Molecular Dynamics Simulation Protocols
All-atom, explicit solvent MD simulations of the selected targets were conducted.
All simulations were conducted in keeping with our core MD protocols and simulation
methods that are published elsewhere [1, 2]. The simulations used all-atom (i.e.
hydrogens were included) fully flexible representations of protein and solvent in
the Levitt et al. force field with standard parameters [3]. Non-bonded
interactions between atoms in charge groups separated by three bonds were included
and scaled by 0.4.
In the MD simulations, waters were represented explicitly by using the flexible
three center (F3C) water model of Levit et al. , as it has demonstrated
success in reproducing a large number of experimental observables across a range
of temperatures [4, 5]. Simulations were performed in the microcanonical ensemble
where the number of atoms, unit cell volume, and total energy were conserved (NVE),
as well as linear momentum (NVEp ). A two femtosecond (fs) timestep was
used such that each picosecond (ps) of simulation time required 500 steps. The unit
cell was periodic with minimum image conventions employed [6]. Non-bonded interaction
lists were used for no more than 6 fs (i.e., three steps).

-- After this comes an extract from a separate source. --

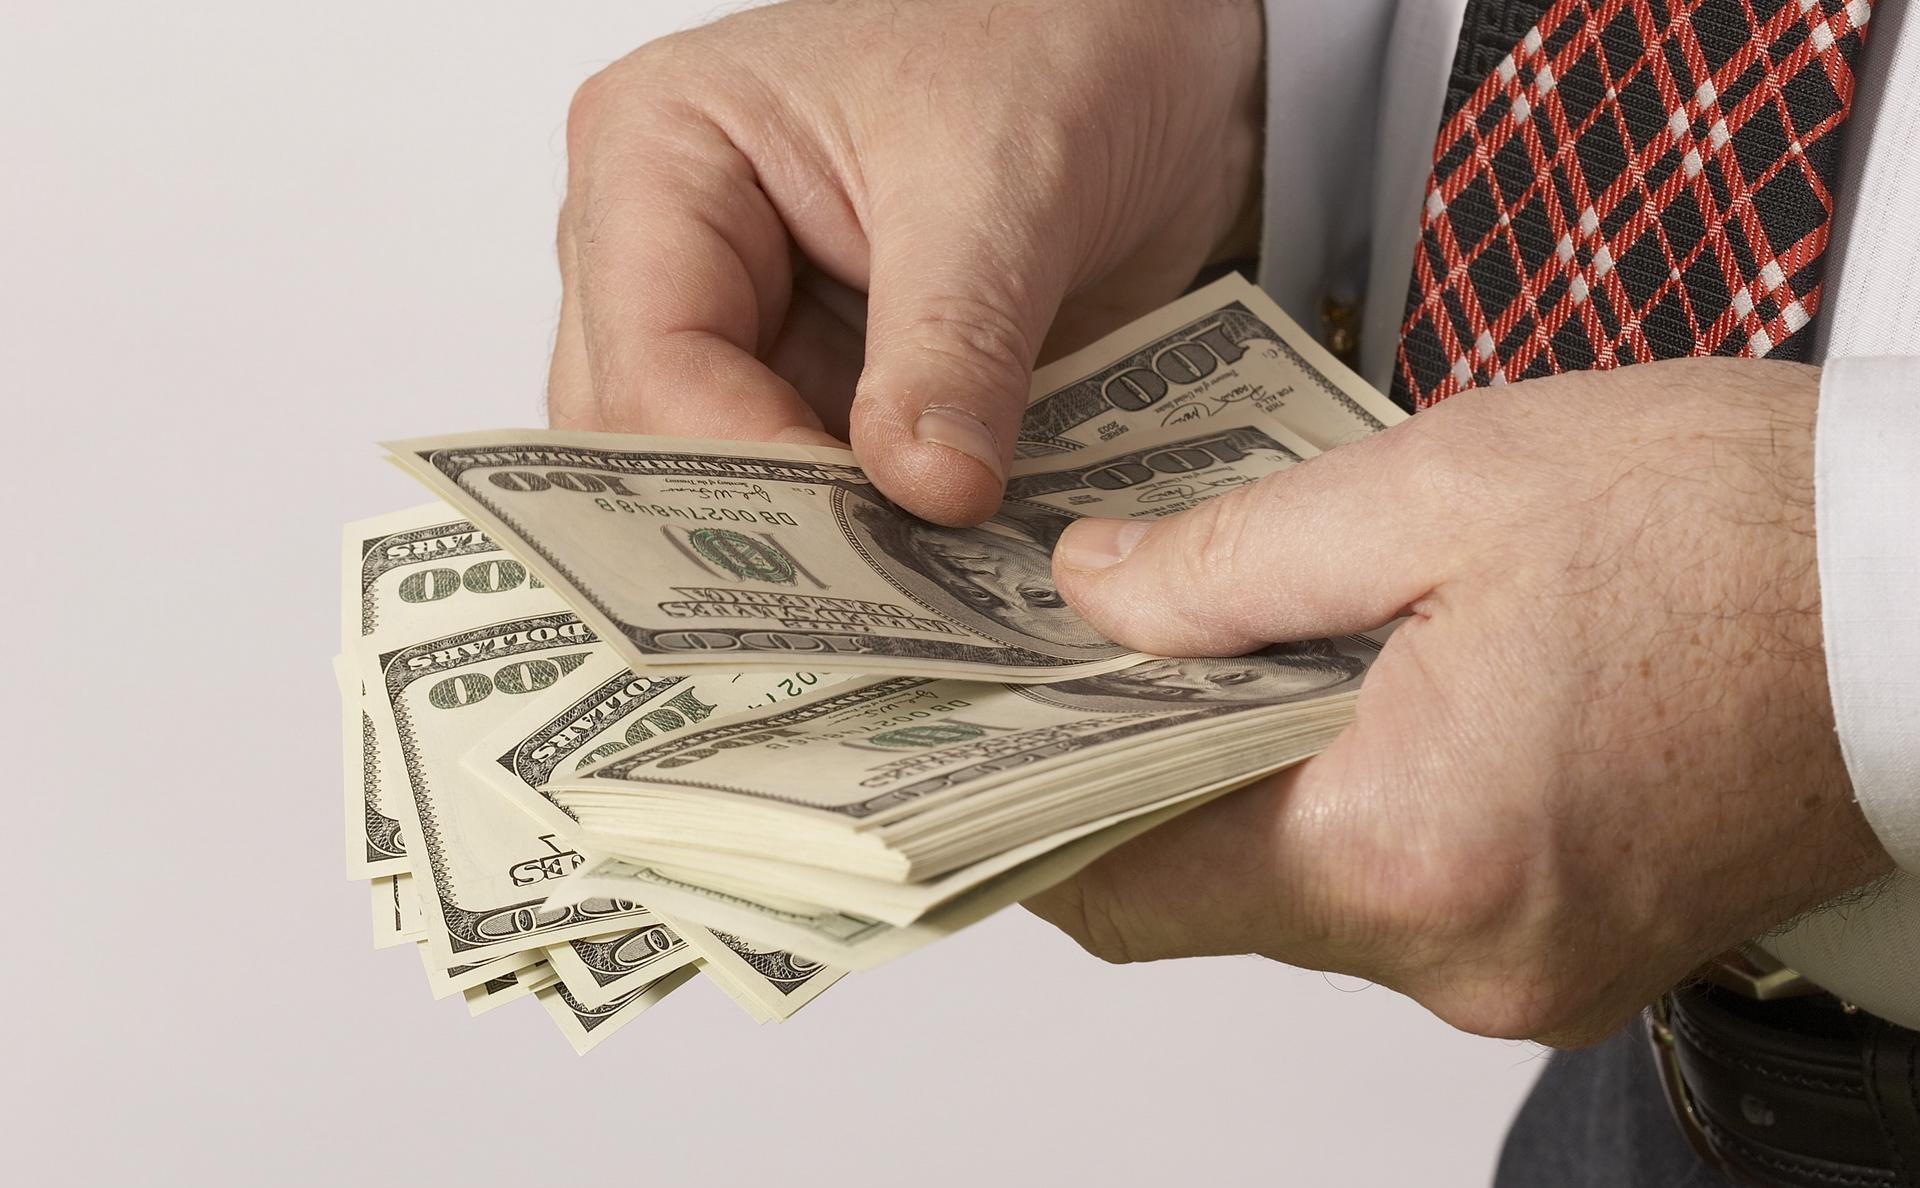 Материальные блага в виде денег

The simulations were performed with in lucem Molecular Mechanics (ilmm, ©
Beck, D. A. C., Alonso, D. O. V., Daggett V, University of Washington, 2000-2009).
A variety of computational resources were employed for the simulations. Most of
the simulations were conducted using the Department of Energy’s National Energy
Research Scientific Computing Center.
For each target six or more simulations were performed. A simulation at 298
Kelvin (K) was conducted for at least 31 nanoseconds (ns). For the
intact structures this is the functional biological native state, while for domains
of larger proteins the simulation assesses the stability of the domain in isolation.
Disulfide bonds were included in the native state simulation where appropriate.
A 10 Ångstrom (Å) cutoff range was used for the 298 K simulations [2].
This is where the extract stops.